■ AIM OF THE TASK
Your response should match the records line for line.

■ SOURCE RECORDS

▬▬▬

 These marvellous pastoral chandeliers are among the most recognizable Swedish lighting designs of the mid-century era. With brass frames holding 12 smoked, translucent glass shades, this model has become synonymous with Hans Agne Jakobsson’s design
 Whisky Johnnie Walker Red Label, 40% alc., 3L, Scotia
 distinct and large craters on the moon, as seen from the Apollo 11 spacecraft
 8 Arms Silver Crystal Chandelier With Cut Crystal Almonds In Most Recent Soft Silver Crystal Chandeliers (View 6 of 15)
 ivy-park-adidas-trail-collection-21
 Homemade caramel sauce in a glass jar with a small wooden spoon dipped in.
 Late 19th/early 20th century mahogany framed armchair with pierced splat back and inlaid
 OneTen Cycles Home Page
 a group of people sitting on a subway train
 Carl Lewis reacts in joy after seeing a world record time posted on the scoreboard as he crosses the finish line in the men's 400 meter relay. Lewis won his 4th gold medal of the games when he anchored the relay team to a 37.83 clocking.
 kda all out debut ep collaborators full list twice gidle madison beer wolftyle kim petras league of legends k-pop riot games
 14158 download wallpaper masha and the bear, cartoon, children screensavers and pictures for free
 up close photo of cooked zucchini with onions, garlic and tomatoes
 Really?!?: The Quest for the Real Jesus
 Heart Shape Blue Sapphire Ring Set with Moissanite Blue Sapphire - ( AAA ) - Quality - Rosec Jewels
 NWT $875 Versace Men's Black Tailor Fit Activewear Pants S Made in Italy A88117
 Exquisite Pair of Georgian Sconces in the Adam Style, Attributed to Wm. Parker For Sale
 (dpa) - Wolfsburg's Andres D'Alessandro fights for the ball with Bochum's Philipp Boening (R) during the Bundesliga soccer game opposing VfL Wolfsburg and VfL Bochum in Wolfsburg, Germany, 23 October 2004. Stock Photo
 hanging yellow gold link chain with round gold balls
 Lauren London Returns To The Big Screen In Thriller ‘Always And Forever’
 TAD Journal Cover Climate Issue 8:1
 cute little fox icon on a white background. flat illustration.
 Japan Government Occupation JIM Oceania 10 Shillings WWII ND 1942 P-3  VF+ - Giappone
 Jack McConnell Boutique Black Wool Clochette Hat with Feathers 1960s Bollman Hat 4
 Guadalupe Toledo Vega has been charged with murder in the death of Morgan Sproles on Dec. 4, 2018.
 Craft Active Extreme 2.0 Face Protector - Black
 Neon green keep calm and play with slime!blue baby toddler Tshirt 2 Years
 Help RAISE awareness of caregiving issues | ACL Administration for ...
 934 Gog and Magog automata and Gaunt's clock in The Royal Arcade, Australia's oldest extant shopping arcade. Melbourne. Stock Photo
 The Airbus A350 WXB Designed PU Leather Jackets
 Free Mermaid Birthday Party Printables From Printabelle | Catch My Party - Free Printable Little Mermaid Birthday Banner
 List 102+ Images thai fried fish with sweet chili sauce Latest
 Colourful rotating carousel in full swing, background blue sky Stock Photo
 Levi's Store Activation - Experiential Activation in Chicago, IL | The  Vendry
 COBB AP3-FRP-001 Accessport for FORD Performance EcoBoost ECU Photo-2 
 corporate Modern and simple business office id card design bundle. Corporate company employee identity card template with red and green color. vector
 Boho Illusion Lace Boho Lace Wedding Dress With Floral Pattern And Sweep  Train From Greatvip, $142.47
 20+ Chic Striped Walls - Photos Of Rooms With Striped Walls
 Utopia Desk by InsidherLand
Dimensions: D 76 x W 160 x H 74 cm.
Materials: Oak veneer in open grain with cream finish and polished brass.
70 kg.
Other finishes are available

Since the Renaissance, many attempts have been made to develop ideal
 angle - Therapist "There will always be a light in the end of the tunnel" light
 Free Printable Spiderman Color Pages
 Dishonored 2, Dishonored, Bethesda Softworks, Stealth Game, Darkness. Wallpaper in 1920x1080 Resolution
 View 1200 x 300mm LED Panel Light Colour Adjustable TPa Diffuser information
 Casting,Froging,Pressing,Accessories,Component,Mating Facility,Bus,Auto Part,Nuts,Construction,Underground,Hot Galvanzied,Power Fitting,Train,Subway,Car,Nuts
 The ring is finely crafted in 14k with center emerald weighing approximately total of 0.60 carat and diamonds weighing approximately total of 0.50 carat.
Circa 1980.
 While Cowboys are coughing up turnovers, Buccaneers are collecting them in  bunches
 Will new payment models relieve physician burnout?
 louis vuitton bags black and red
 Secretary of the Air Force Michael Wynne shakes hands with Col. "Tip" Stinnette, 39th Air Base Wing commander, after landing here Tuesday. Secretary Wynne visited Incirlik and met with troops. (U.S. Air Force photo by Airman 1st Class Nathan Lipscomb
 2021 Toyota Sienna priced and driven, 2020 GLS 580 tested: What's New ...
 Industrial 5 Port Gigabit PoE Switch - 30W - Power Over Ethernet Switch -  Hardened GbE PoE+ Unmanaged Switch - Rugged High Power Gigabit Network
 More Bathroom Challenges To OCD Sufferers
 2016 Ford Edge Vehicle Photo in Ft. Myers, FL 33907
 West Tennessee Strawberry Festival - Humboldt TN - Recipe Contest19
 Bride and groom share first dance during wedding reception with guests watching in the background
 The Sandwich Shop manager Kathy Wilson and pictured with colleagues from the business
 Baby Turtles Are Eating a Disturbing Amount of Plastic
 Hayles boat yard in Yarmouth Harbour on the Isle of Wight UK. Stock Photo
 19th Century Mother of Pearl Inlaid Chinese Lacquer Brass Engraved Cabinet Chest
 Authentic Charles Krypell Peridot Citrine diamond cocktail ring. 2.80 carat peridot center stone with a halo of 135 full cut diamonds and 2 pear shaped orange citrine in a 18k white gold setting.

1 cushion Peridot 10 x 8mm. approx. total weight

▬▬▬

■ ANSWER TO THE PROBLEM
 These marvellous pastoral chandeliers are among the most recognizable Swedish lighting designs of the mid-century era. With brass frames holding 12 smoked, translucent glass shades, this model has become synonymous with Hans Agne Jakobsson’s design
 Whisky Johnnie Walker Red Label, 40% alc., 3L, Scotia
 distinct and large craters on the moon, as seen from the Apollo 11 spacecraft
 8 Arms Silver Crystal Chandelier With Cut Crystal Almonds In Most Recent Soft Silver Crystal Chandeliers (View 6 of 15)
 ivy-park-adidas-trail-collection-21
 Homemade caramel sauce in a glass jar with a small wooden spoon dipped in.
 Late 19th/early 20th century mahogany framed armchair with pierced splat back and inlaid
 OneTen Cycles Home Page
 a group of people sitting on a subway train
 Carl Lewis reacts in joy after seeing a world record time posted on the scoreboard as he crosses the finish line in the men's 400 meter relay. Lewis won his 4th gold medal of the games when he anchored the relay team to a 37.83 clocking.
 kda all out debut ep collaborators full list twice gidle madison beer wolftyle kim petras league of legends k-pop riot games
 14158 download wallpaper masha and the bear, cartoon, children screensavers and pictures for free
 up close photo of cooked zucchini with onions, garlic and tomatoes
 Really?!?: The Quest for the Real Jesus
 Heart Shape Blue Sapphire Ring Set with Moissanite Blue Sapphire - ( AAA ) - Quality - Rosec Jewels
 NWT $875 Versace Men's Black Tailor Fit Activewear Pants S Made in Italy A88117
 Exquisite Pair of Georgian Sconces in the Adam Style, Attributed to Wm. Parker For Sale
 (dpa) - Wolfsburg's Andres D'Alessandro fights for the ball with Bochum's Philipp Boening (R) during the Bundesliga soccer game opposing VfL Wolfsburg and VfL Bochum in Wolfsburg, Germany, 23 October 2004. Stock Photo
 hanging yellow gold link chain with round gold balls
 Lauren London Returns To The Big Screen In Thriller ‘Always And Forever’
 TAD Journal Cover Climate Issue 8:1
 cute little fox icon on a white background. flat illustration.
 Japan Government Occupation JIM Oceania 10 Shillings WWII ND 1942 P-3  VF+ - Giappone
 Jack McConnell Boutique Black Wool Clochette Hat with Feathers 1960s Bollman Hat 4
 Guadalupe Toledo Vega has been charged with murder in the death of Morgan Sproles on Dec. 4, 2018.
 Craft Active Extreme 2.0 Face Protector - Black
 Neon green keep calm and play with slime!blue baby toddler Tshirt 2 Years
 Help RAISE awareness of caregiving issues | ACL Administration for ...
 934 Gog and Magog automata and Gaunt's clock in The Royal Arcade, Australia's oldest extant shopping arcade. Melbourne. Stock Photo
 The Airbus A350 WXB Designed PU Leather Jackets
 Free Mermaid Birthday Party Printables From Printabelle | Catch My Party - Free Printable Little Mermaid Birthday Banner
 List 102+ Images thai fried fish with sweet chili sauce Latest
 Colourful rotating carousel in full swing, background blue sky Stock Photo
 Levi's Store Activation - Experiential Activation in Chicago, IL | The  Vendry
 COBB AP3-FRP-001 Accessport for FORD Performance EcoBoost ECU Photo-2 
 corporate Modern and simple business office id card design bundle. Corporate company employee identity card template with red and green color. vector
 Boho Illusion Lace Boho Lace Wedding Dress With Floral Pattern And Sweep  Train From Greatvip, $142.47
 20+ Chic Striped Walls - Photos Of Rooms With Striped Walls
 Utopia Desk by InsidherLand
Dimensions: D 76 x W 160 x H 74 cm.
Materials: Oak veneer in open grain with cream finish and polished brass.
70 kg.
Other finishes are available

Since the Renaissance, many attempts have been made to develop ideal
 angle - Therapist "There will always be a light in the end of the tunnel" light
 Free Printable Spiderman Color Pages
 Dishonored 2, Dishonored, Bethesda Softworks, Stealth Game, Darkness. Wallpaper in 1920x1080 Resolution
 View 1200 x 300mm LED Panel Light Colour Adjustable TPa Diffuser information
 Casting,Froging,Pressing,Accessories,Component,Mating Facility,Bus,Auto Part,Nuts,Construction,Underground,Hot Galvanzied,Power Fitting,Train,Subway,Car,Nuts
 The ring is finely crafted in 14k with center emerald weighing approximately total of 0.60 carat and diamonds weighing approximately total of 0.50 carat.
Circa 1980.
 While Cowboys are coughing up turnovers, Buccaneers are collecting them in  bunches
 Will new payment models relieve physician burnout?
 louis vuitton bags black and red
 Secretary of the Air Force Michael Wynne shakes hands with Col. "Tip" Stinnette, 39th Air Base Wing commander, after landing here Tuesday. Secretary Wynne visited Incirlik and met with troops. (U.S. Air Force photo by Airman 1st Class Nathan Lipscomb
 2021 Toyota Sienna priced and driven, 2020 GLS 580 tested: What's New ...
 Industrial 5 Port Gigabit PoE Switch - 30W - Power Over Ethernet Switch -  Hardened GbE PoE+ Unmanaged Switch - Rugged High Power Gigabit Network
 More Bathroom Challenges To OCD Sufferers
 2016 Ford Edge Vehicle Photo in Ft. Myers, FL 33907
 West Tennessee Strawberry Festival - Humboldt TN - Recipe Contest19
 Bride and groom share first dance during wedding reception with guests watching in the background
 The Sandwich Shop manager Kathy Wilson and pictured with colleagues from the business
 Baby Turtles Are Eating a Disturbing Amount of Plastic
 Hayles boat yard in Yarmouth Harbour on the Isle of Wight UK. Stock Photo
 19th Century Mother of Pearl Inlaid Chinese Lacquer Brass Engraved Cabinet Chest
 Authentic Charles Krypell Peridot Citrine diamond cocktail ring. 2.80 carat peridot center stone with a halo of 135 full cut diamonds and 2 pear shaped orange citrine in a 18k white gold setting.

1 cushion Peridot 10 x 8mm. approx. total weight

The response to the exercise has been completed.